For tool-calling workloads in F3Iai, the Qwen 2.5 and Qwen 3 series models have proven to be the most reliable:

Model Parameters VRAM (AWQ) Tool Calling Quality
Qwen/Qwen2.5-7B-Instruct 7B ~4 GB Good for simple workflows
Qwen/Qwen2.5-14B-Instruct 14B ~8 GB Strong tool calling
Qwen/Qwen2.5-32B-Instruct-AWQ 32B ~18 GB Recommended for production
Qwen/Qwen3-8B 8B ~5 GB Excellent tool calling with thinking
Qwen/Qwen3-32B 32B ~18 GB Best overall for complex multi-tool chains

All Qwen models should be served with the following flags to enable structured tool calling:

--enable-auto-tool-choice --tool-call-parser hermes

For Qwen 2.5 models specifically, --tool-call-parser qwen25 may also be used if hermes produces inconsistent results.

Key Advantage Over Ollama

The fundamental difference between vLLM and Ollama for production use is model delivery. Ollama expects to pull models from a registry at startup or on first request. In an air-gapped environment with no outbound internet access, this model must either be:

  • Pre-loaded into an Ollama instance and its blob storage persisted (fragile, version-dependent)
  • Served from a local Ollama registry (adds another service to maintain)

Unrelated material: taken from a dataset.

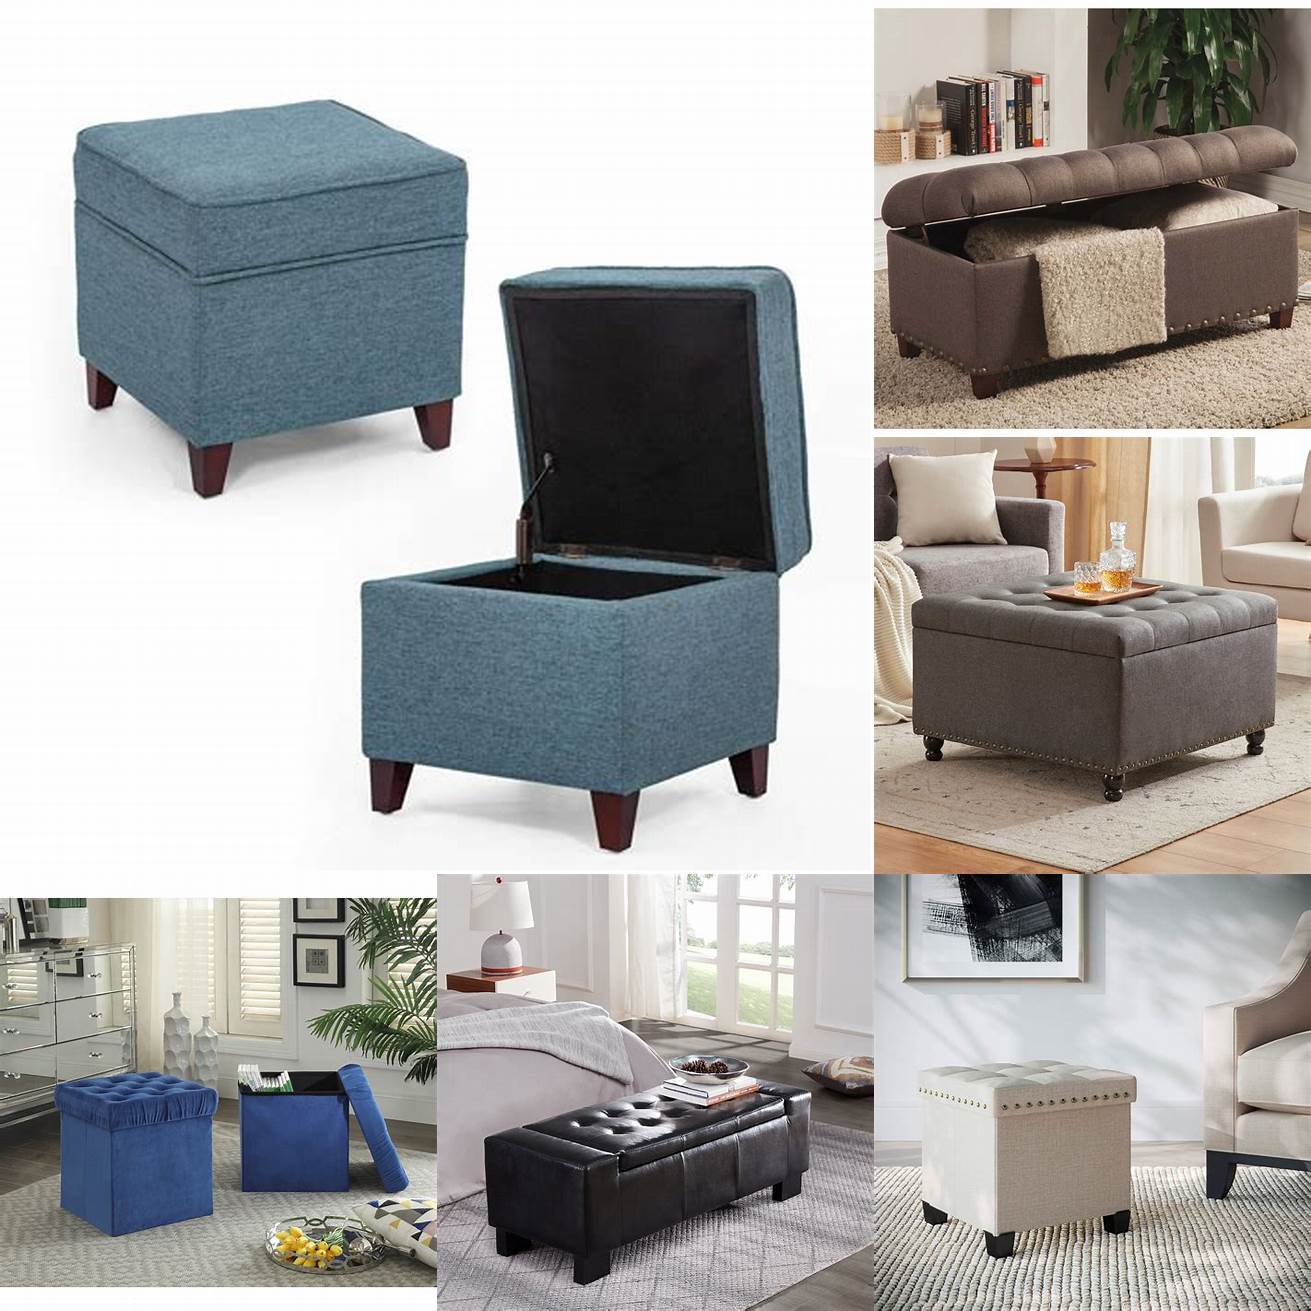 A storage ottoman can serve as a footrest or extra seating while also providing storage space for blankets pillows or other items

With vLLM, models are simply files on disk. They can be:

  • Baked into the container image at build time, producing a self-contained deployment artifact
  • Loaded from a PVC that was populated during initial provisioning or via a Kubernetes Job
  • Stored in Harbor as an OCI artifact alongside the container images

This means a vLLM deployment in an air-gapped environment is fully deterministic – the exact model weights are part of the deployment manifest, versioned and reproducible.